In their recent Perspective article (Voelkl et al. Reproducibility of animal research in light of biological variation. Nat. Rev. Neurosci. 21, 384–393 (2020))1, Voelkl et al. recommend the use of systematic heterogenization in animal studies. The rationale for this recommendation lies in the current best practice of rigorously standardizing (that is, homogenizing) conditions within experiments. This practice has been repeatedly criticized to limit experiments’ inference to the specific experimental conditions used and hence to cause, rather than cure, poor reproducibility in animal experiments2,3. Instead, it has been suggested to embrace biological variation and to use it actively as a tool for making study populations more representative and the results more meaningful and reproducible (for example, see refs4,5). We greatly appreciate the recommendations of Voelkl et al. and agree on the importance of a paradigm shift in animal research. However, we would like to draw attention to some points that, from our perspective, deserve more attention.

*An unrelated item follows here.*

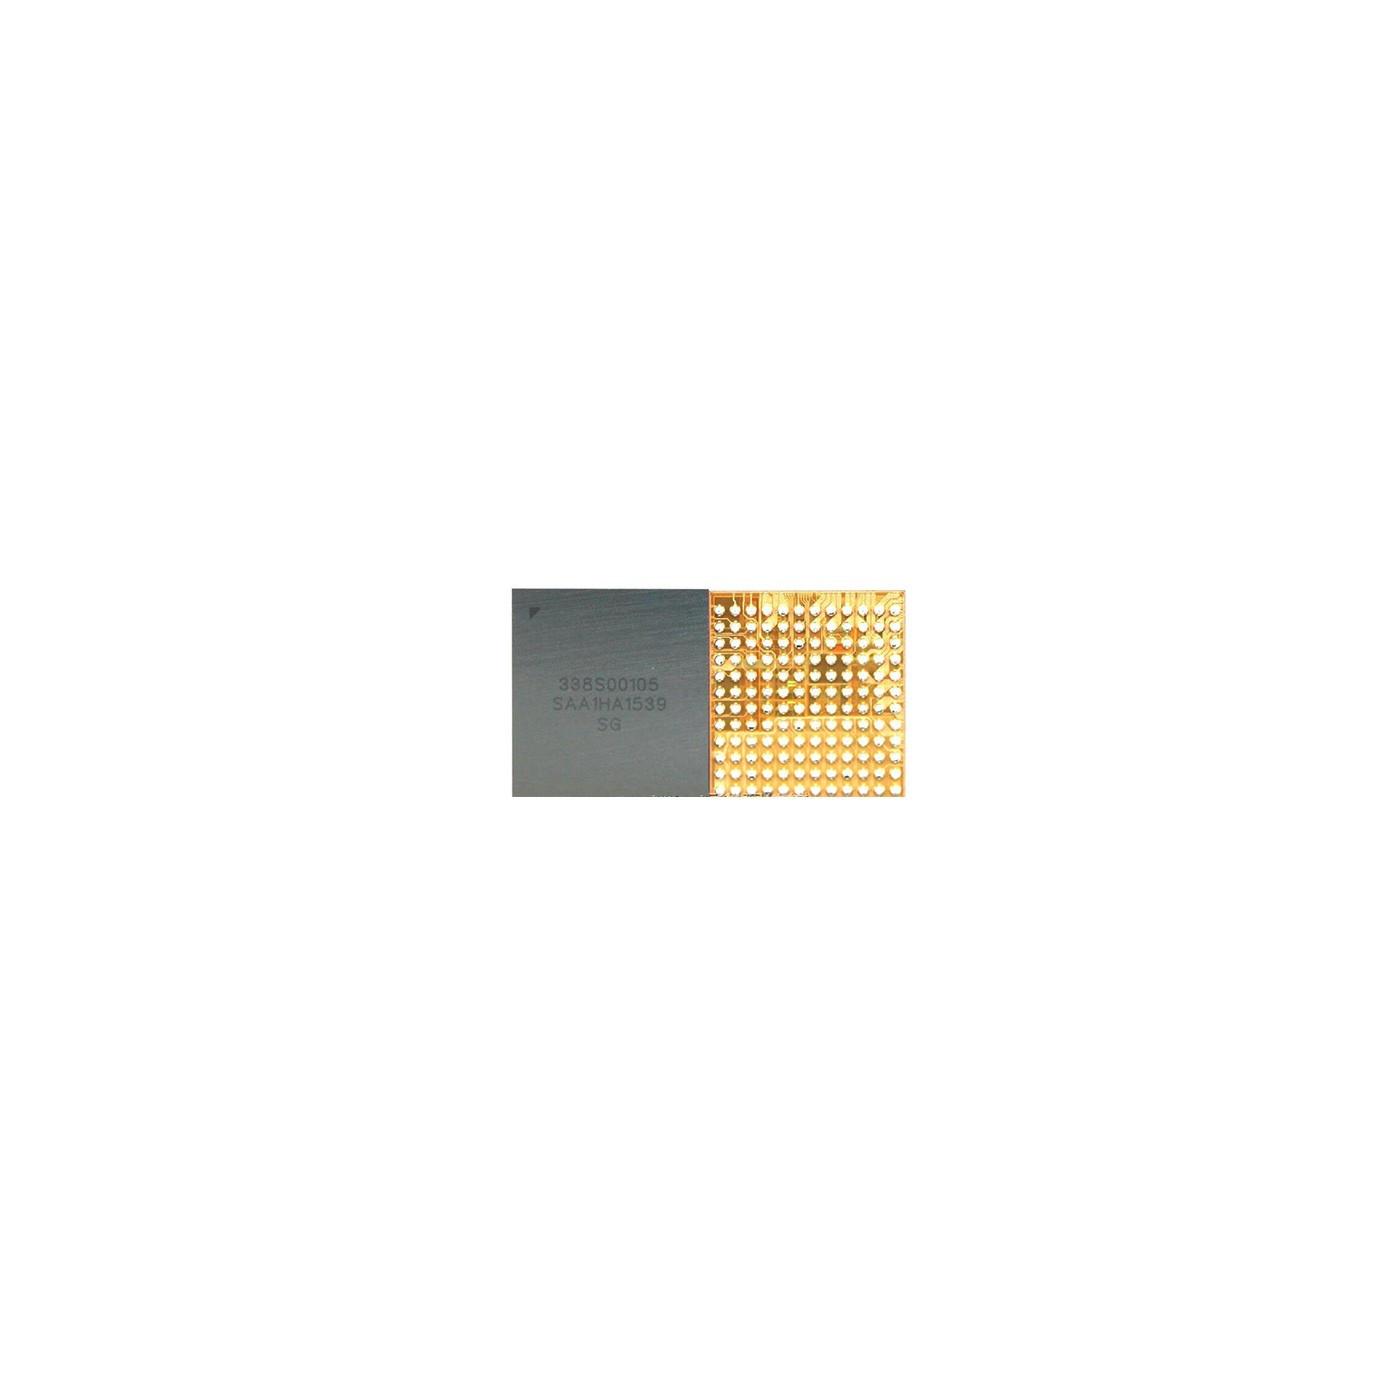 IC CHIP BIG AUDIO 338S00105 U3101 FOR iPhone 6S - 6S Plus - 7 - 7 Plus

It is right that “direct evidence for the standardization fallacy is currently limited to simulations across replicate studies and only a few dedicated experimental studies”1. However, we think it is even more critical to highlight the lack of studies going beyond the standardization fallacy, proving the benefits of systematic heterogenization. Hypothesis-driven comparisons of standardized and heterogenized designs are needed, demonstrating, for example, that the latter leads to the better reproducibility of treatment effects. Until now, only three empirical studies have adopted such an approach. A single-laboratory study showed that heterogenizing mouse study populations across two environmental factors improved the reproducibility of behavioural data3. However, in a multi-laboratory situation, the same approach did not yield similarly promising results6. A third, ecological study investigated different strategies in microcosm experiments, showing that genetic heterogenization lowered between-laboratory variation7.

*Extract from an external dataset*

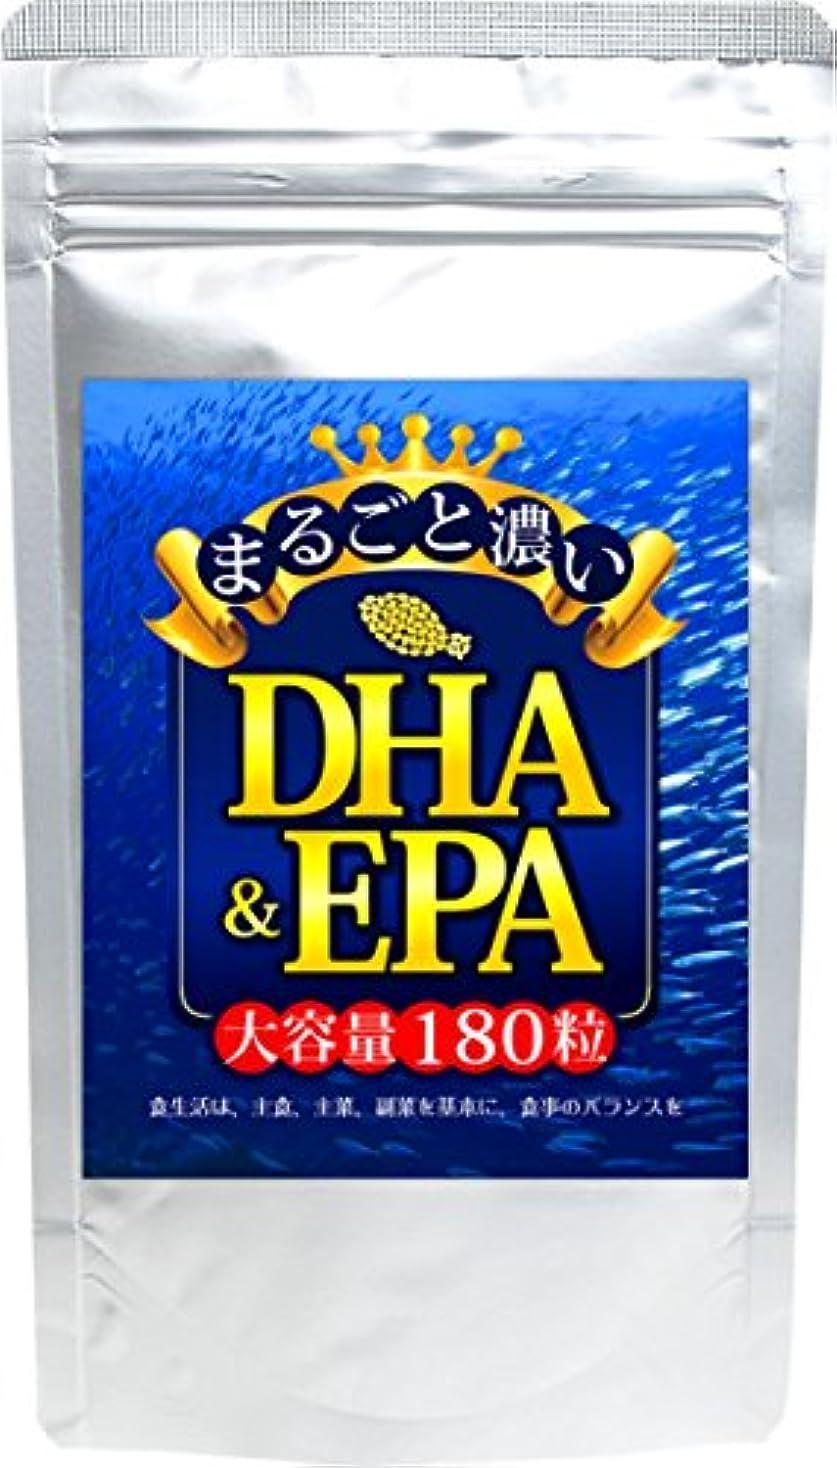 本会議バタフライふくろうまるごと濃いDHA&EPA 180粒 約6か月分

Another point we wish to highlight is the lack of practical solutions for how to heterogenize a study population in an effective and feasible way. Voelkl et al. wrote: “heterogenization may be based on controlled variation, for instance by systematically varying the genotype […], the state and history of the individual […], or the test condition […]. Alternatively, heterogenization may be based on uncontrolled variation, for example by using outbred study populations, by splitting experiments into multiple independent batches of animals or by conducting multilaboratory studies.” Indeed, two recent simulation studies hinted towards better reproducibility in experiments that are either heterogenized across laboratories or the “time of day at which an experiment is conducted”8,9. However, approaches involving heterogenizing conditions across housing conditions and age classes did not lead to the desired improvements6. Thus, it is probably far more difficult to address the practical issues than has been suggested. Moreover, we argue that the concept of heterogenization relies on the introduction of systematic and hence controlled variation. Introducing uncontrolled variation instead (for example, by using outbred strains) might bear the risk of inflating sample sizes, as it is hard to control for this variation in the experimental design or the statistical analysis10. We therefore strongly recommend the use of heterogenization factors that can be systematically varied and act as kind of ‘umbrella factors’ covering plenty of known and unknown background variables at the same time (for example, the experimenter11,12).

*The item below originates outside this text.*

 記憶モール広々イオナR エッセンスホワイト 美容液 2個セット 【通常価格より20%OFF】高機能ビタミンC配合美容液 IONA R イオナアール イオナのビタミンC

Taken together, although the acceptance of the heterogenization concept has greatly increased over the past decade (for example, see ref.13), it is supported by only a few empirical studies. Proving the concept empirically and not just theoretically, however, appears particularly important to overcome existing lab traditions and to “establish systematic heterogenization of study populations as a new standard”1. We therefore appeal to the scientific community not to remain at the conceptual level but, instead, to explore and validate novel strategies for putting this concept into practice.

There is a reply to this letter by Würbel, H. et al. Nat. Rev. Neurosci. (2020)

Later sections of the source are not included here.